Выбрать главу

Только художественный, то есть преобразованный искусством взгляд Достоевского на крестьян заставляет нас заинтересоваться ими, начать размышлять об их тайне, красоте, духовной силе. Трактовки крестьян Достоевским-публицистом, в сущности, напоминают те художественные произведения, за которые Достоевский бранил Николая Ге. Статьи Достоевского не в силах скрыть свои пороки и изъяны, но его проза – это искусство полутеней, умолчаний, параболических конструкций и пропусков, в котором нет места «последним словам» и окончательным убеждениям, но где и идеи, и характеры в равной мере явлены в полном и убедительном воплощении. (Вирджиния Вулф описывает взаимодействие света и тьмы в художественном мире Достоевского как связанное с процессами мышления и сознания, которые он представляет:

Достоевский – единственный писатель, умеющий реконструировать наибыстрейшие и наисложнейшие состояния сознания, заново продумывать цепочку мыслей во всем ее движении, когда она то мелькнет на свету, то погаснет; ибо он не только следит за яркой полоской законченной мысли, но и обращается к тому, что кишит в подполье ума, где под толщью дерна мечутся желания и импульсы [Woolf 1977: 118–119].)

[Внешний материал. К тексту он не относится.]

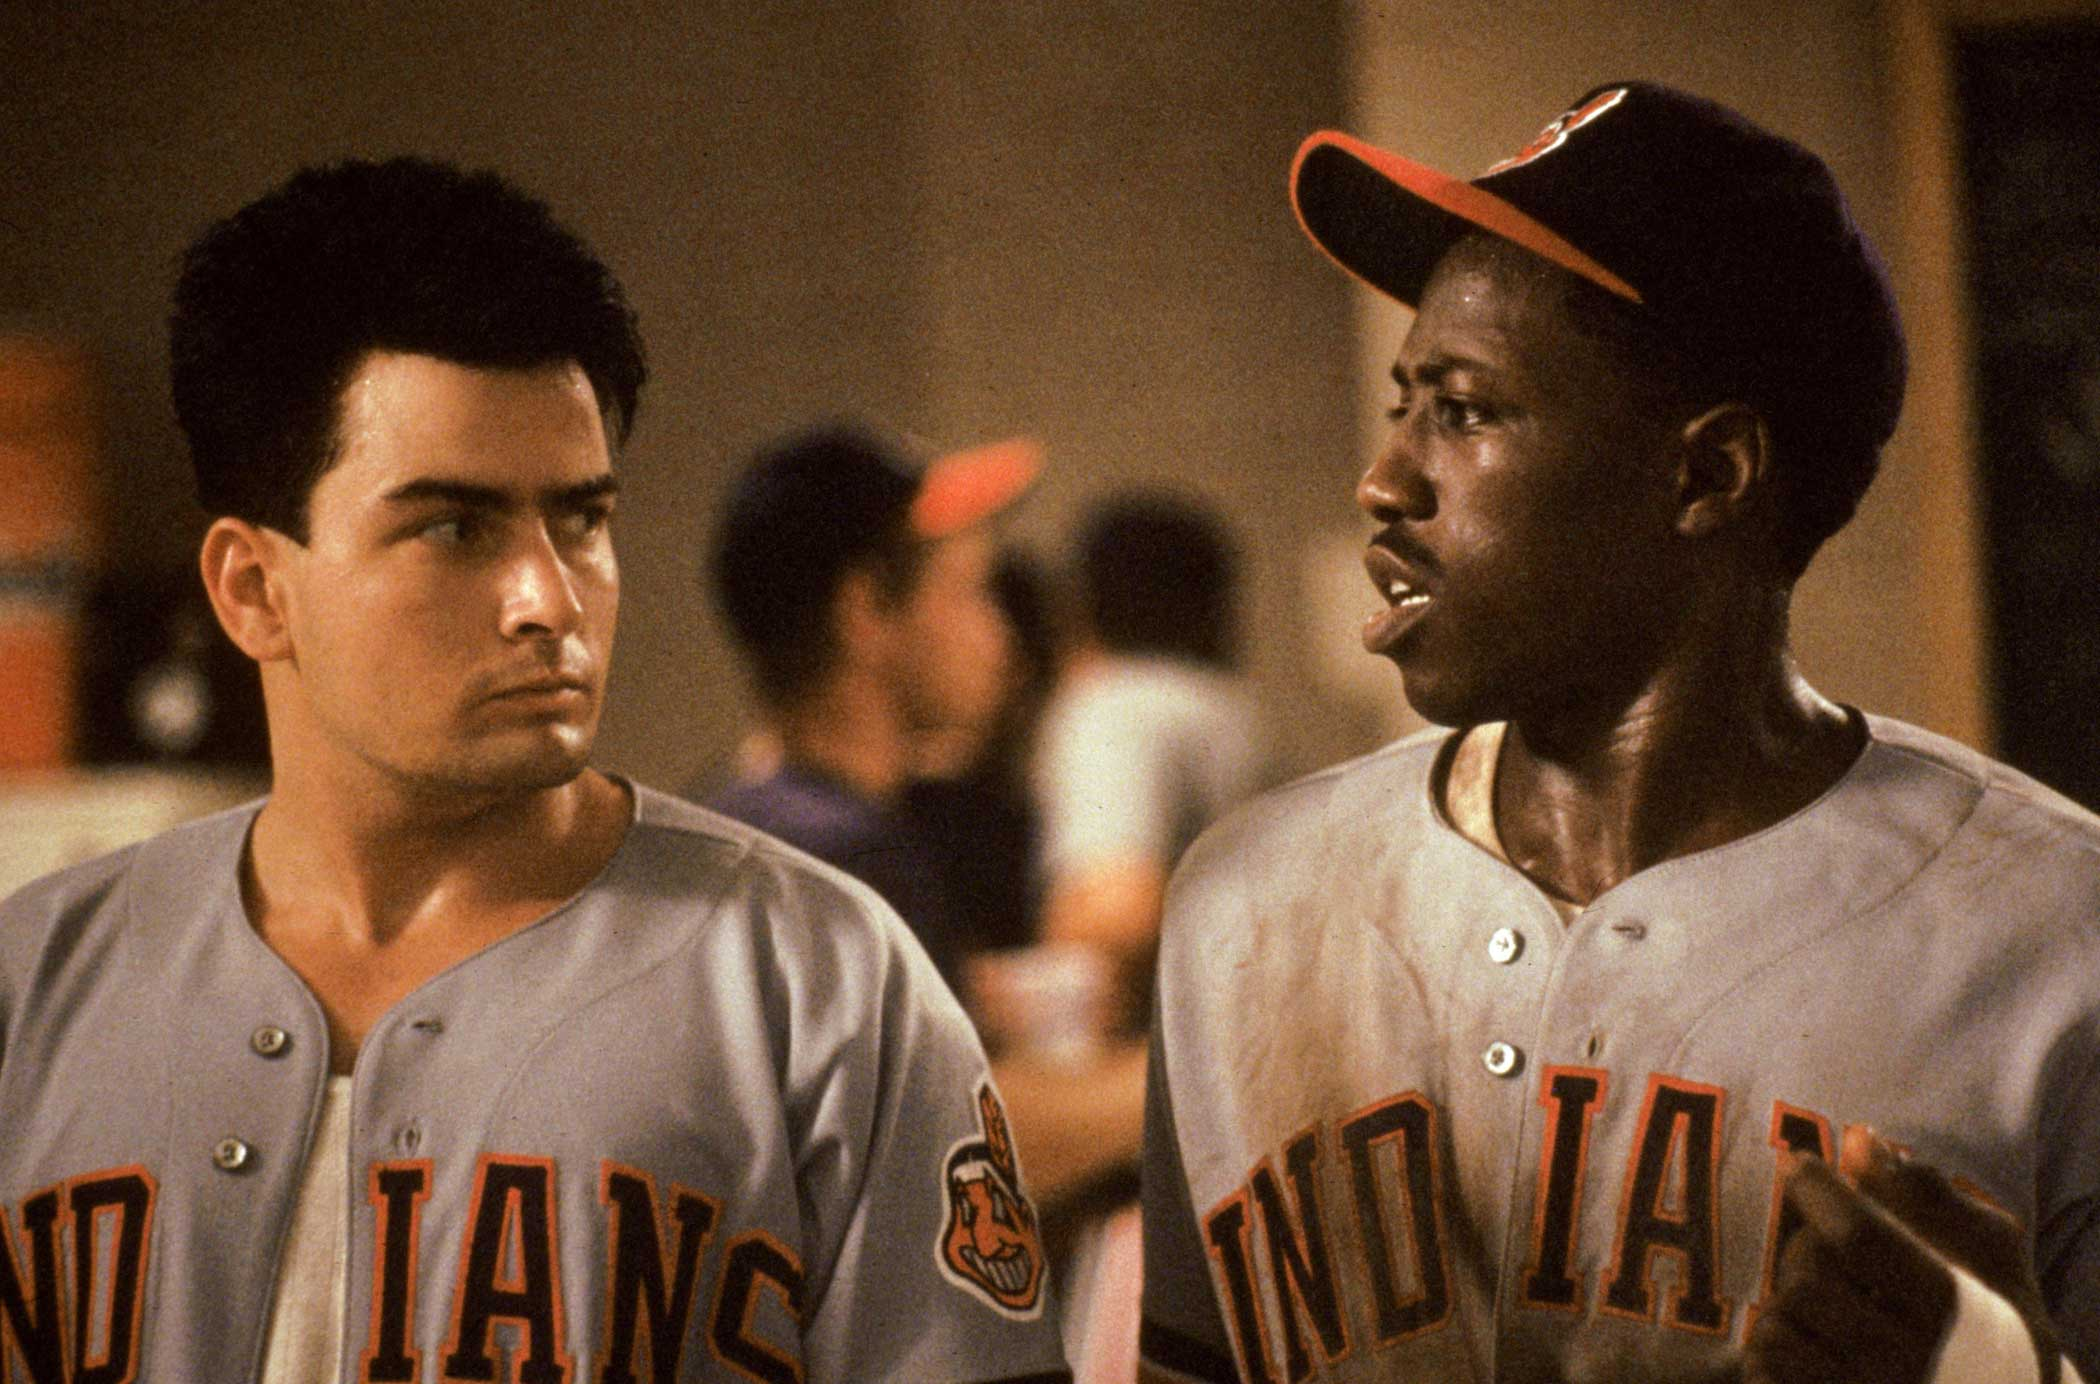 Major League, 1989

Приведу два заключительных примера, чтобы проиллюстрировать это несоответствие голосов Достоевского-публициста и Достоевского-художника. (Подробнее мы поговорим об этом в следующих главах.) В «Идиоте» Достоевский коснулся некоторых связанных с крестьянством тем, о чем мы упоминали в связи с его публицистикой. Но в романе образы крестьян – при всей их приниженности указывающих путь к вере и спасению, – как мне кажется, заставляют читателя остановиться и углубиться в текст, чтобы вступить в борьбу с этими масштабными и одновременно нескладными идеями. Каким образом Достоевскому-художнику, в отличие от Достоевского-публициста, удается вызвать этот эффект вовлеченности читательского сознания? Через притчу, загадку, через те недоговоренности, которые присутствуют в любом человеческом разговоре. А спустя время, в 1876 году, пытаясь, по-видимому, описать свое религиозное обращение, свой непрямой путь к вере, Достоевский в рассказе «Мужик Марей» из «Дневника писателя» снова прибегает к творческой трансформации иконного образа мужика (Марея), к представлению крестьянина через сложную многослойную историю, состоящую из нескольких разрозненных и с виду противоположных частей.

Интересно, что идущие друг за другом в «Дневнике писателя» в феврале 1876 года статьи – «О любви к народу. Необходимый договор с народом» и «Мужик Марей», – взятые вместе, позволяют сразу увидеть противоречие между мнениями о народе Достоевского-публициста и созданными художником образами крестьян. Эти два текста связаны одной темой, но их выводы сильно различаются.

В статье «О любви к народу» Достоевский прямо указывает на кажущееся противоречие между признанием того, что «народ наш груб и невежествен, предан мраку и разврату» [Достоевский 22: 42], и мыслью о том, что он олицетворяет лучшие надежды России. Мы снова слышим знакомую, страстную, банальную и неприятную риторику: «Кто истинный друг человечества, у кого хоть раз билось сердце по страданиям народа, тот поймет и извинит всю непроходимую наносную грязь, в которую погружен народ наш, и сумеет отыскать в этой грязи бриллианты. Повторяю: судите русский народ не по тем мерзостям, которые он так часто делает, а по тем великим и святым вещам, по которым он и в самой мерзости своей постоянно воздыхает» [Там же: 43].

Для читателя, способного припомнить эпизоды из художественных текстов Достоевского – вроде рассказа Мышкина о крестьянине, который, помолившись Богу, перерезал горло своему другу, – рассуждения об отысканных в грязи бриллиантах могут прозвучать очень убедительно. Но читателя, не вооруженного знанием художественных историй и притч, не тронут пылкие назидательные речи Достоевского; призывы писателя не достигнут цели и останутся просто скучными разговорами. Достоевский затем заявляет, что «вопрос о народе и о взгляде на него, о понимании его теперь у нас самый важный вопрос, в котором заключается все наше будущее, даже, так сказать, самый практический вопрос наш теперь». Но, хотя писатель подчеркивает абсолютный приоритет этой проблемы, он признает:

И однако же, народ для нас всех – все еще теория и продолжает стоять загадкой. Все мы, любители народа, смотрим на него как на теорию, и, кажется, ровно никто из нас не любит его таким, каким он есть в самом деле, а лишь таким, каким мы его каждый себе представили [Там же: 44].